Extraneous Entity Row Cleanup
Slate Instance | TUP |
Requestor/Reporter | Helen Williams |
Date | 6/24/2024 |
Status | pending |
Bug Description | Dataset imports are creating multiple extra entity rows that should be deleted. Create retention policy/overnight process to delete empty or extraneous rows. |
Issue Description
There have been some cases, particularly where data was imported from a CAS, that multiple inquiry details rows were created. This is largely due to the fact that when adding entity data via a source format, Slate can only match on a unique identifier, and if one is not used, then each time data is run through the source format a new row is created, even if it is the same feild values across all entity fields.
Troubleshooting/Research
Query created to identify number of inquiry details rows per source per person record: https://tusmgp.admissions.tufts.edu/manage/query/build?id=d8a223ae-e92a-4367-bf94-e6be8b6f90f8
Pretty sure the first time we started using inquiry details rows was around Sept. 2021.

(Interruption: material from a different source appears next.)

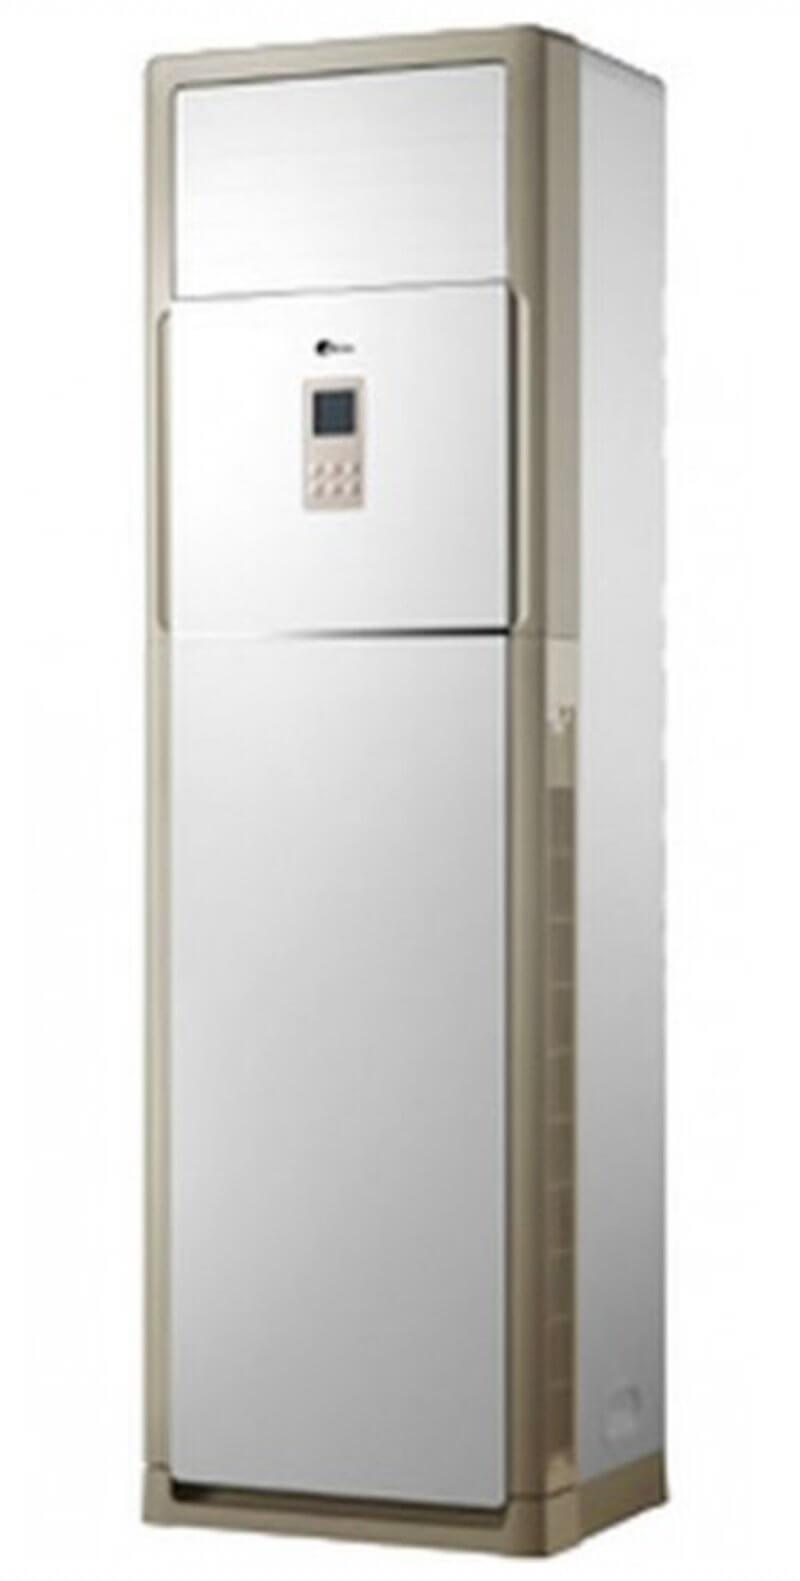 Midea MHG-60 DCI İnverter Salon Tipi Klima

Source Formats w/Inquiry Row mappings:
Name | Source Value Used |
|
---|---|---|
CASPA Application (CAS) | CAS Application Import |
|
CASPA In Progress (CAS) | CAS Application Import |
|
PTCAS Application (CAS) | CAS Application Import |
|
PTCAS In Progress (CAS) | CAS Application Import |
|
SOPHAS Application (CAS) | CAS Application Import |
|
SOPHAS In Progress (CAS) | CAS Application Import |
|
SOPHAS In Progress 2022 | Data Import |
|
SOPHAS Submitted 2022 | Data Import |
|
PTCAS In Progress 2023 | NO SOURCE | Was matching on Program Interest ID |
PTCAS In Progress 2022 | NO SOURCE |
|
Inquiry Details Row matching:
Concentration Interest
Planned Entry Term
Program Interest
Resolution Steps
For currently running CAS API source formats (as of 7/1/2024):
Source formats have been updated so that the inquiry details row matches on the Program ID provided by the CAS; this is unique to the designation, so new rows are only created if the applicant selects a different location (DPT) or a different start term/concentration/format (MPH). Otherwise, it will match and only update the row.
CASPA In Progress/Application, SOPHAS In Progress/Application:
progMate.progSele0.programID = Program Interest ID
PTCAS In Progress/Application (already used all 3 mappings available for Program ID so had to do a field fusion):
progMate.progSele0.programID + ‘2025’ = Program Interest ID